There are revelations, too: who knew Hugh was a passionate windsurfer? In a letterpress print commissioned by his NCA colleagues and presented to him in July, there appears the line ‘Surfer of many kinds of wave’. It captures not just Hugh’s skill in balancing body, sail and board on the eternal yin-yang waves, but also his original research activities – he got his PhD in fluid mechanics before falling in love with acupuncture – and most of all, his uncanny ability to surf a well-chosen metaphorical wave at precisely the right moment. Without that ability, acupuncture would be a smaller, less well-known, and much less respected medicine; we’re delighted to know that Hugh chose that line to appear on his headstone.

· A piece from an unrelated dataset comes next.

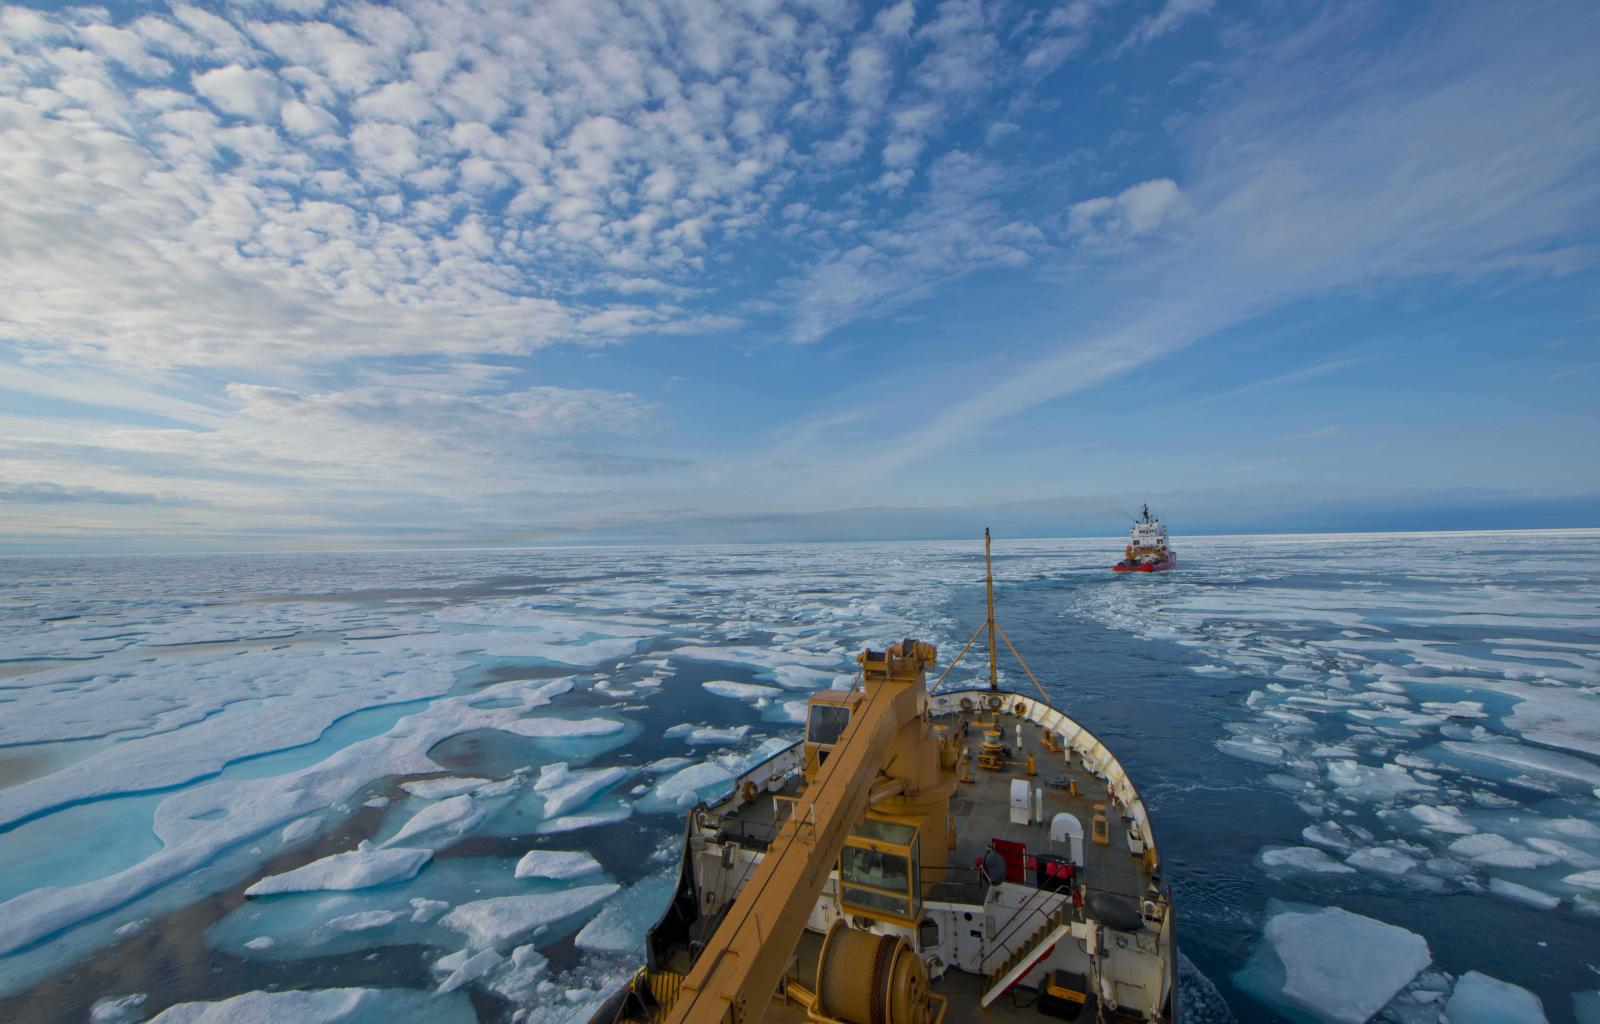 Shipping-Canada-NWP-pass.-Malte-H.-Courtesy-of-University-of-Ottawa

Hugh was very moved by the book. He told us it made him laugh, and cry, and above all it made him ‘feel very loved’. That’s a small solace for everyone who contributed: we were able to tell him a little of what he meant to us, before he left us. And we know that he heard us, and that he understood.

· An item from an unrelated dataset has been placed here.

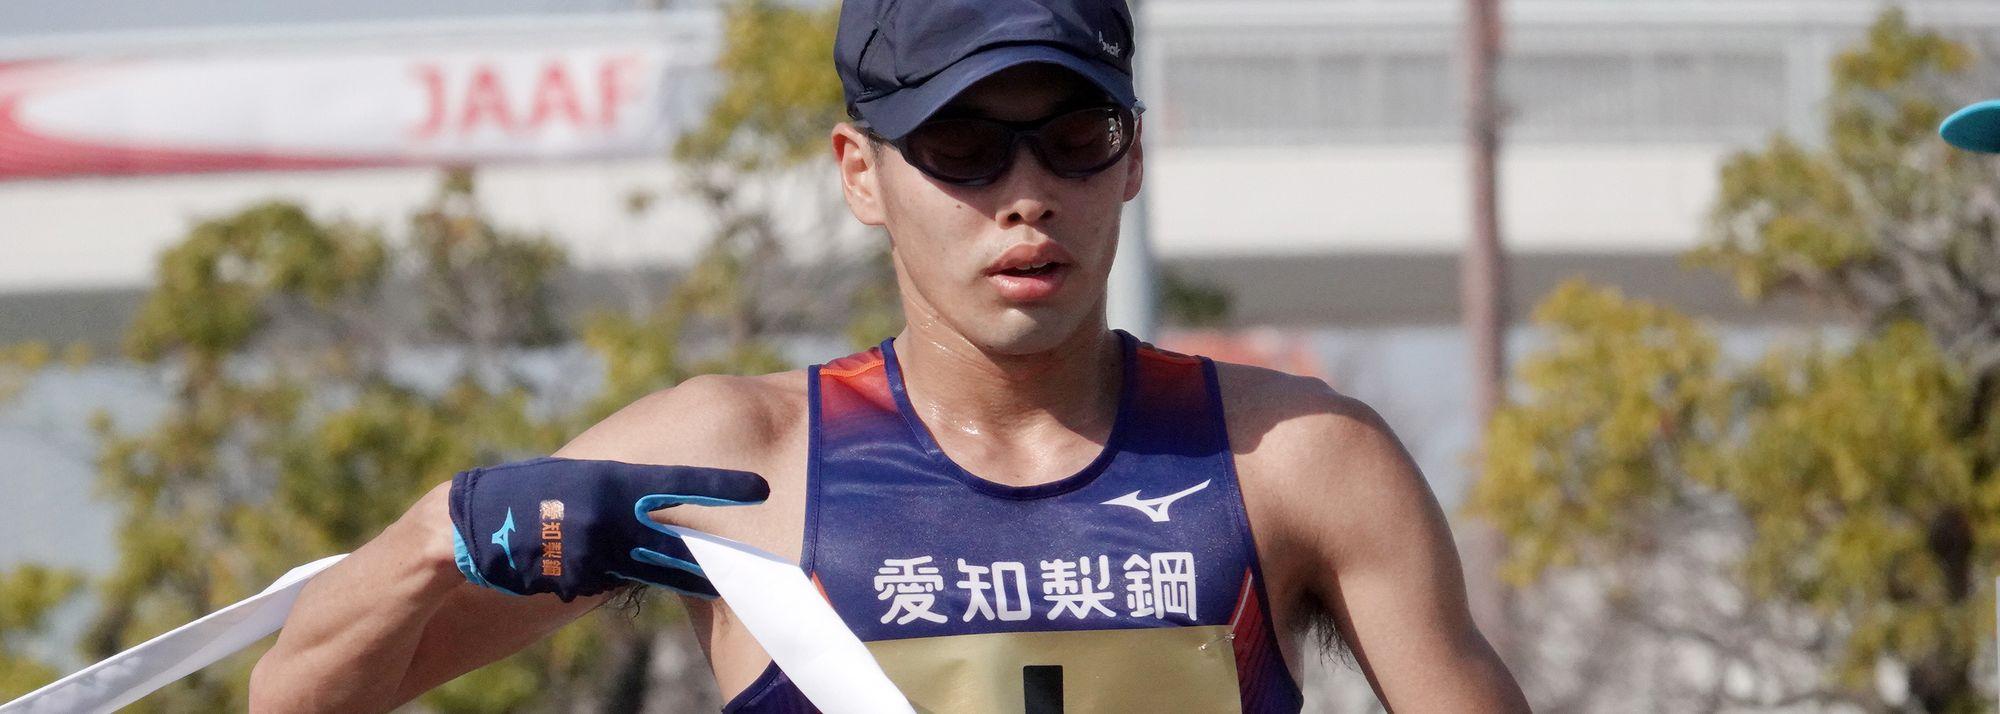 The sun shone for Toshikazu Yamanishi at the 104th Japanese Championships in Kobe.

The final word goes to Peter Delaney, Australian acupuncturist and long-term friend of Hugh’s, who wrote: ‘Don’t cry because it’s over; smile because it happened.’ And so, smiling, we say: thank you, Hugh, for everything you gave. We have cause to remember you every day.
Karen Charlesworth Member: North Yorkshire
A PDF version of Hugh MacPherson’s celebration book can be downloaded from the NCA celebration website, where you can also watch a short video filmed in July, in which NCA principal Richard Blackwell presents Hugh with the book and the letterpress print.